Say President Will Live.

     The men shook their heads. “Have you seen the President this morning?” asked one of them.
     “I have not seen him,” answered Colonel Roosevelt, “but I know that he is getting better all the time, and I have not now the slightest reason to doubt that he will recover and very rapidly, too. He will be back at his duties at Washington before long.”
     “Thank God for that,” said one of the workmen.
     The Vice President nodded his hearty approval and then walked on with Mr. Wilcox. He remained in the Milburn house a few minutes and came out with a broad smile on his face.
     He told all inquirers that he was fully satisfied that the President’s condition was constantly more encouraging.
     From the Milburn house the Vice President returned to Ansley Wilcox’s for luncheon. Secretary of War Root was at the luncheon, and the Vice President and the Secretary sat together for a long time in the shaded veranda of Mr. Wilcox’s house.
     The friendship between Mr. Root and the Vice President, though it is of long standing, has been made apparent to a great many people during their stay here in Buffalo together and where all their meetings and the manner of them have been more or less in the glare of publicity. Late in the afternoon the Vice President, Secretary Root, and Mr. Wilcox walked up to the Milburn home, and, after the usual inquiries as to the President’s progress, the walk was continued to Lincoln Park, a distance of several miles. They returned at dusk and the Vice President had just time to dress for dinner. He dined as usual with Mr. Root at the house of Mr. Sprague.

Roosevelt on “Yellow” Papers.

     There is a story concerning the Vice President going around the Buffalo clubs today which is sufficiently in accordance with Colonel Roosevelt’s general character to need no further verification.

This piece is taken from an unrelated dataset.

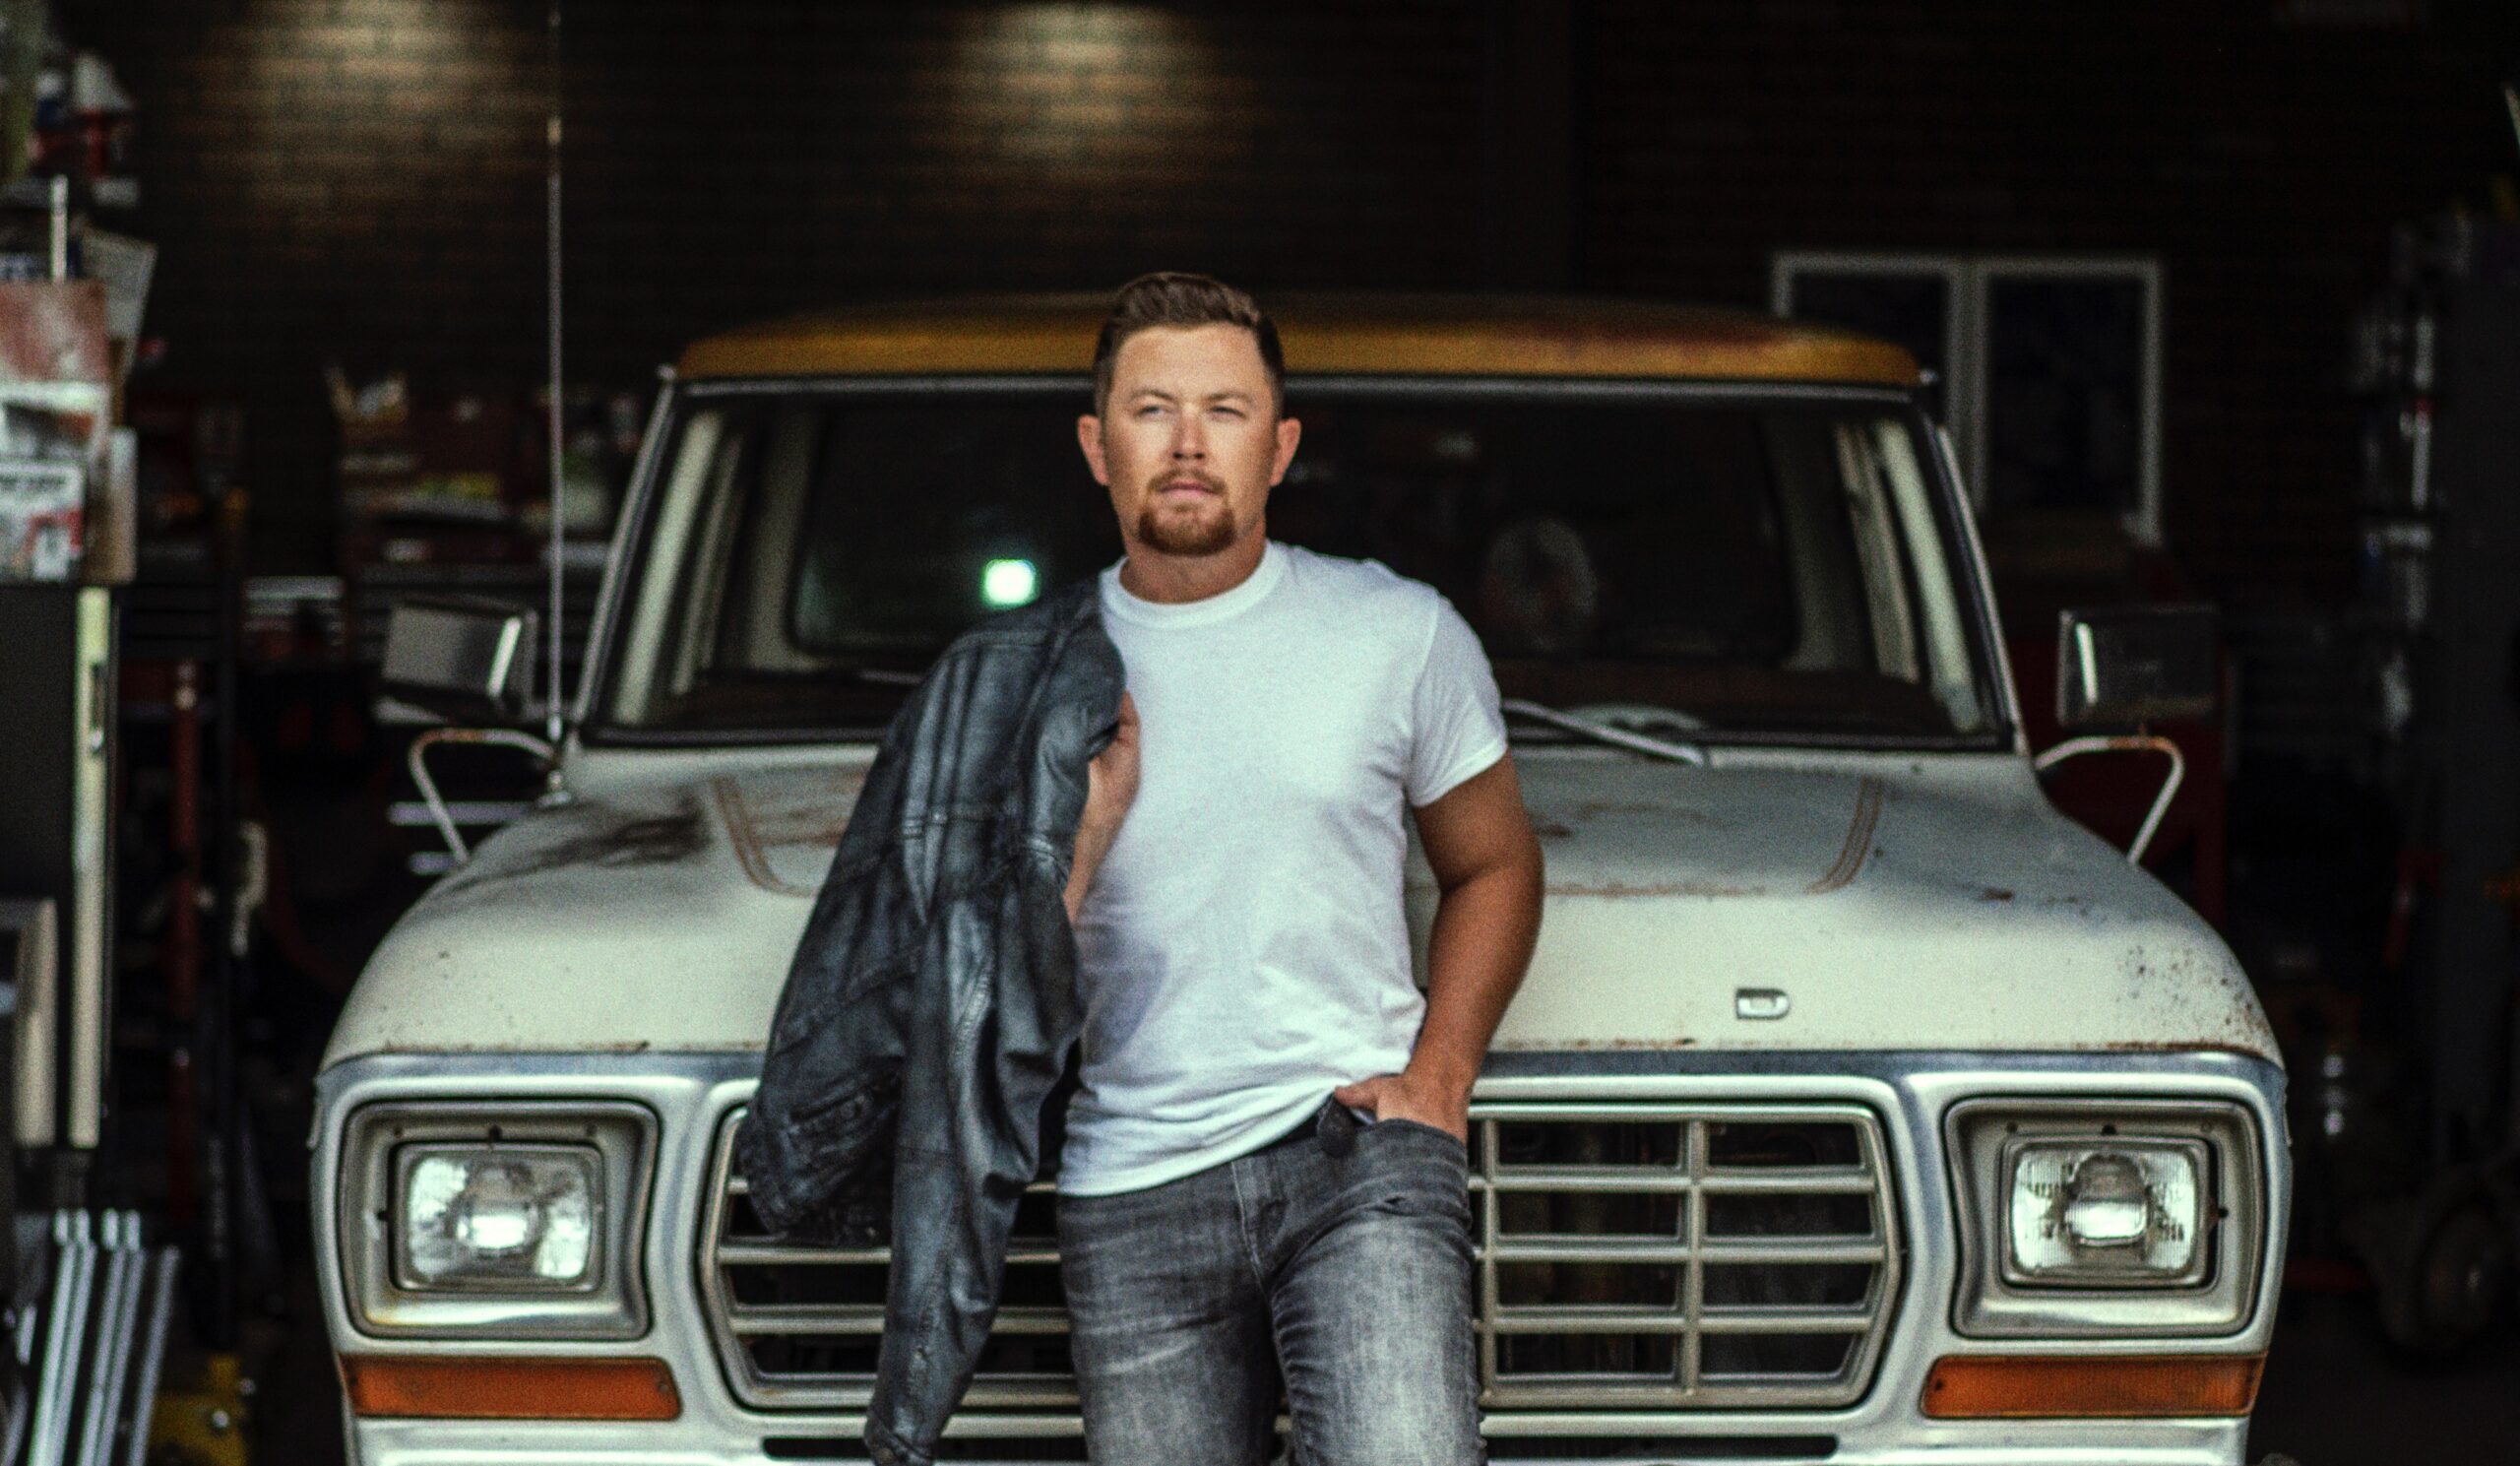 Scotty McCreery Announces New Album Titled “Same Truck”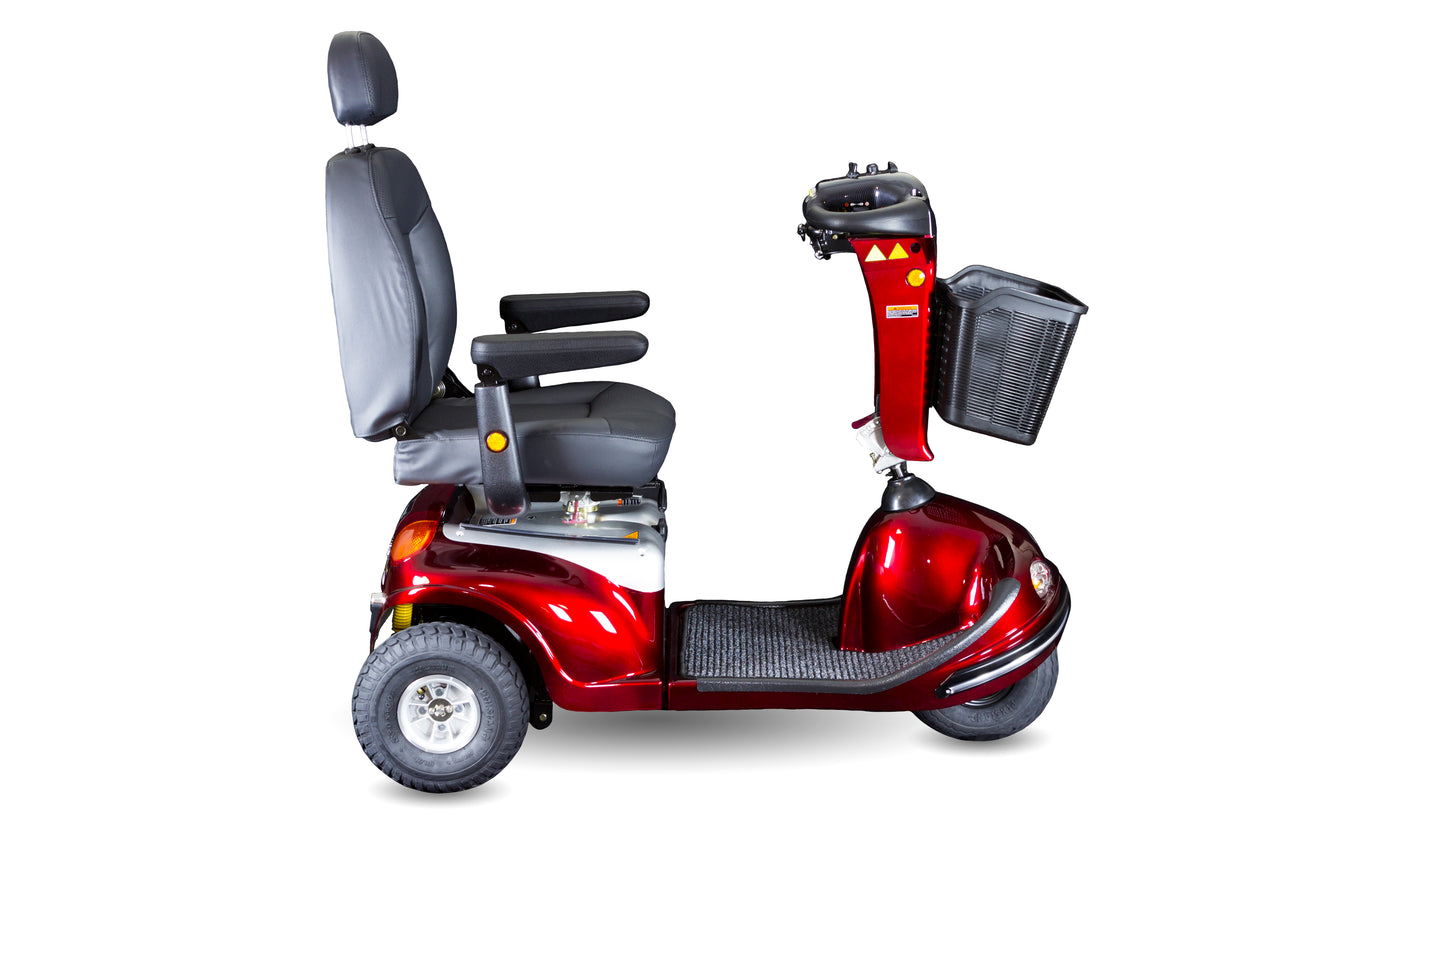 Shoprider Enduro XL3+ Heavy-Duty Mobility Scooter

Some friend asked the Vice President how much, in his opinion, the “yellow” press was to blame for the attempt to kill the President.
     The Vice President has no particular reason to speak dearly of the particular newspaper to which his friend referred, and the thought that what he said might be attributed to his own personal pique against the newspaper apparently checked him for a moment as he was about to answer. He looked his questioner squarely in the eye for a moment and then there flashed over his face one of the grimmest of his grim smiles.
     “By their works,” he said, “ye shall know them.”
     Colonel Roosevelt has not yet decided when he will leave Buffalo for Oyster Bay. If there should be the slightest unfavorable turn in the reports from the President’s bedside the Vice President’s stay will be indefinitely prolonged.

Annoyed by Hosts of Cameras.

     The great army of Pan-American visitors in Buffalo, now that the gravest apprehensions for the President’s injury are past, have come to regard the Vice President and Mr. Hanna as two of the objects of interest. An astonishingly large number of them who came to see the great Buffalo show are armed with cameras. One man who has been much on the street with both the Vice President and the Senator from Ohio, said he found his nerves pretty well shattered by the constant clicking of all manner and shapes of camera shutters. Not infrequently both of the distinguished visitors have felt it wise to hail a passing carriage in order to escape from the embarrassing attentions of the young men and women who surround them with instruments.

Will Not Go to Cleveland.

     The Vice President has received urgent invitations from the people of Cleveland to attend the Grand Army encampment next Thursday. He has asked Senator Hanna, who is going to the encampment, to express his regrets to the people of Cleveland and the Grand Army men that he does not feel that he ought to accept their invitation.